Rogers also acknowledged that the classes, while abundant themselves, only hold eight to 15 spots available for students. Working in conjunction with Assistant Manager Simone Holzer ’16, Rogers said one of her goals for this year is to make Craft Center classes more available to Kenyon students as well to the residents of Gambier.
“The classes are small by nature,” she says, “but we’re trying to find little ways that people can gain access to the Craft Center. We want everyone to be able to learn new skills and new techniques.”
They have been working toward this goal since September by bringing in special classes that meet for shorter periods of time and require less of a time commitment.
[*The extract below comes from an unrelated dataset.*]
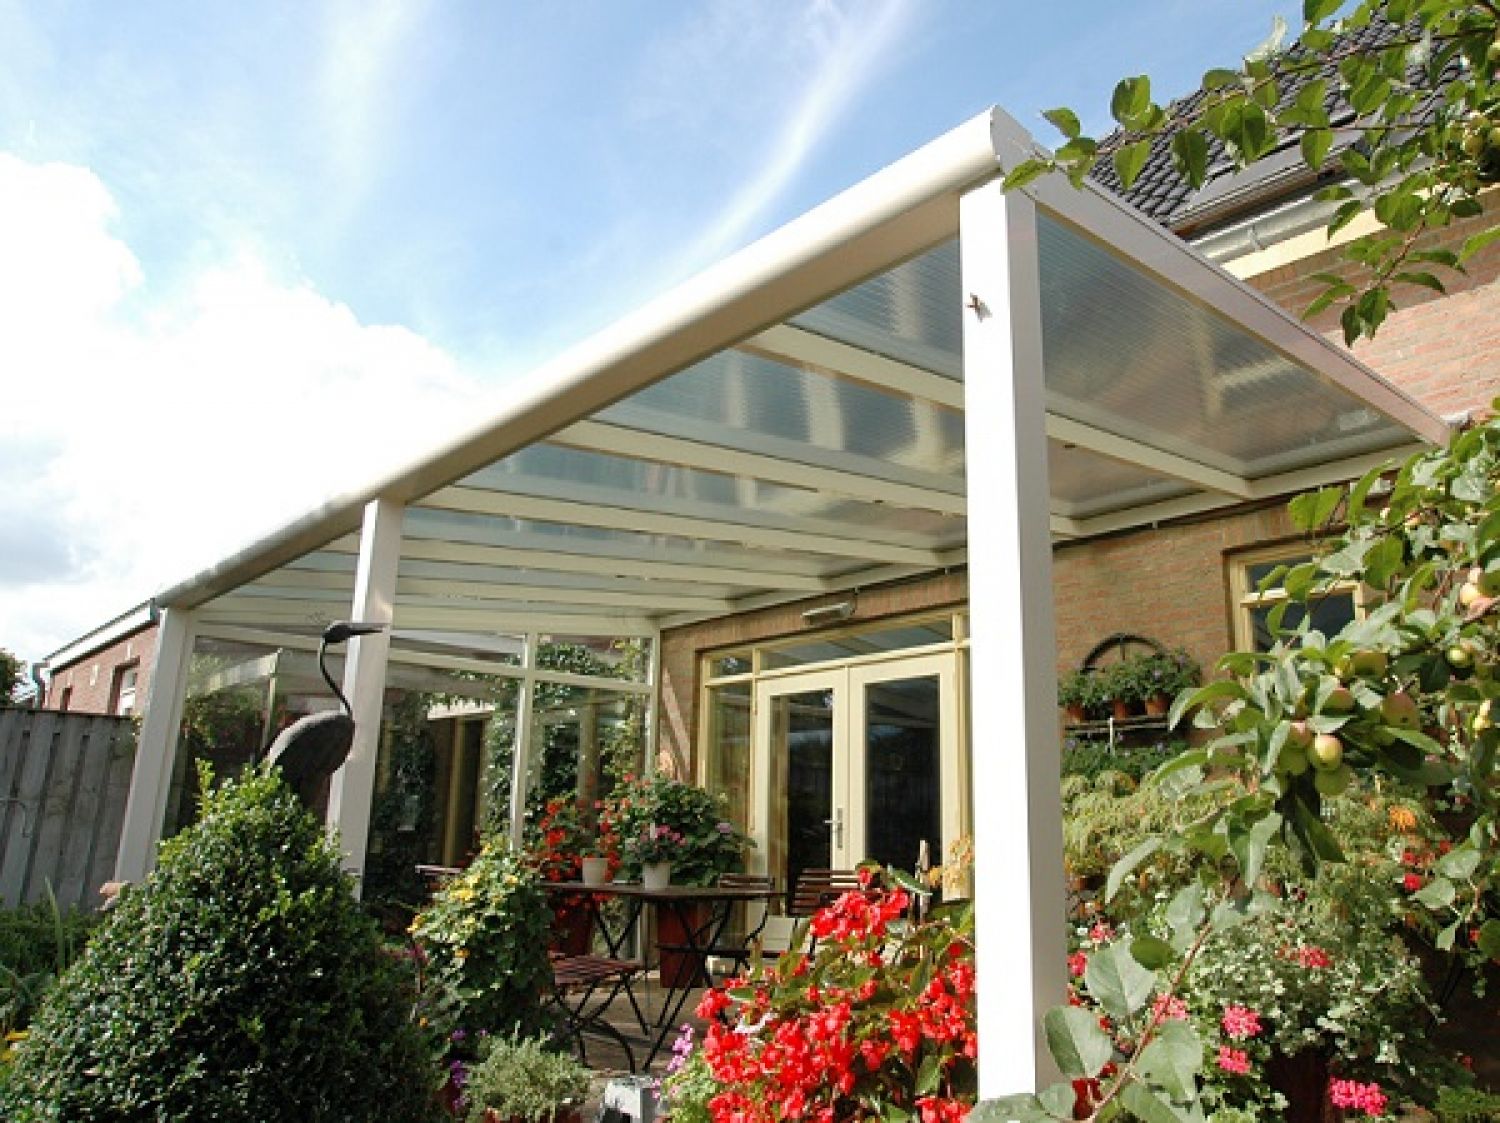 Profiline veranda 600x300 cm - polycarbonaat dak

The Center was founded on the principle that Kenyon students and community members could gain access to quality, traditional programs, and Rogers wants to stay true to the Craft Center’s roots.
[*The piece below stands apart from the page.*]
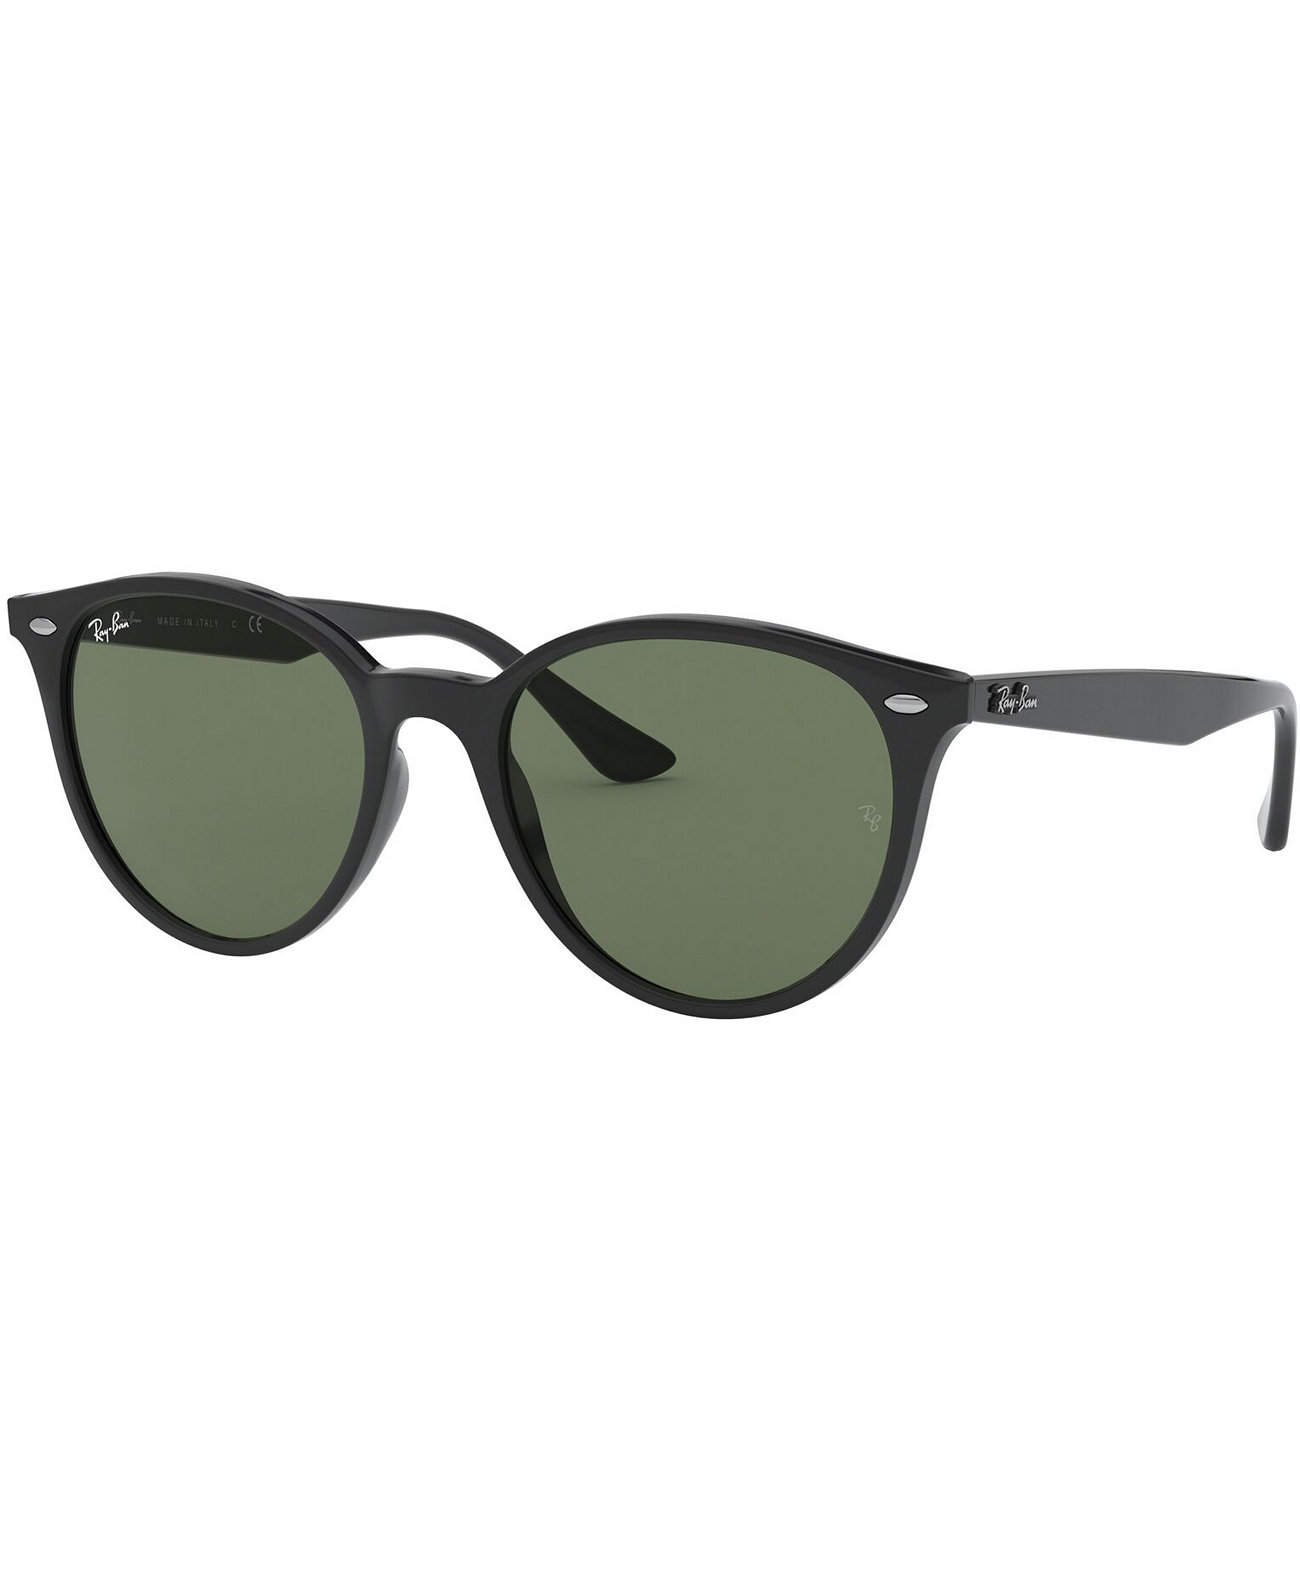 Солнцезащитные очки, RB4305 53 Ray-Ban

There are 10 classes currently taught at the Center for the spring semester, and every class is instructed by a master in the field. Kenyon prides itself in having as strong of a staff in its Craft Center as it does in its academic classrooms, and all students are guaranteed to learn crucial information about their craft of choice.
When asked about how the staff was picked, Rogers explained, “They kind of have a tenure because they have been here much longer than I have. And when they leave, they pick successors. They want someone who knows the craft in a broad sense, and they are looking for people who can teach their craft well.” Such a method helps ensure the quality of the class remains the same and that students are always learning as much as possible from the most qualified instructors available.
“Arts and crafts can sometimes get a reputation as a children’s rainy day activity, but learning from the instructors and learning about the history and the technique of the craft is a kind of pedagogical experience,” Rogers said.
She fully believes the Craft Center has become an integral part of Kenyon’s culture. In her opinion, such relaxing classes help students wind down after a rough exam or after writing a particularly long essay, while still keeping students stimulated.
Whether students wish to brush up on their cooking skills, learn to hem their jeans or begin learning a new skill like pottery or jewelry-making, the Craft Center has the staff and the accommodations to continue educating students. Sign-ups occur at the beginning of each semester, and all are encouraged to come and participate in a class.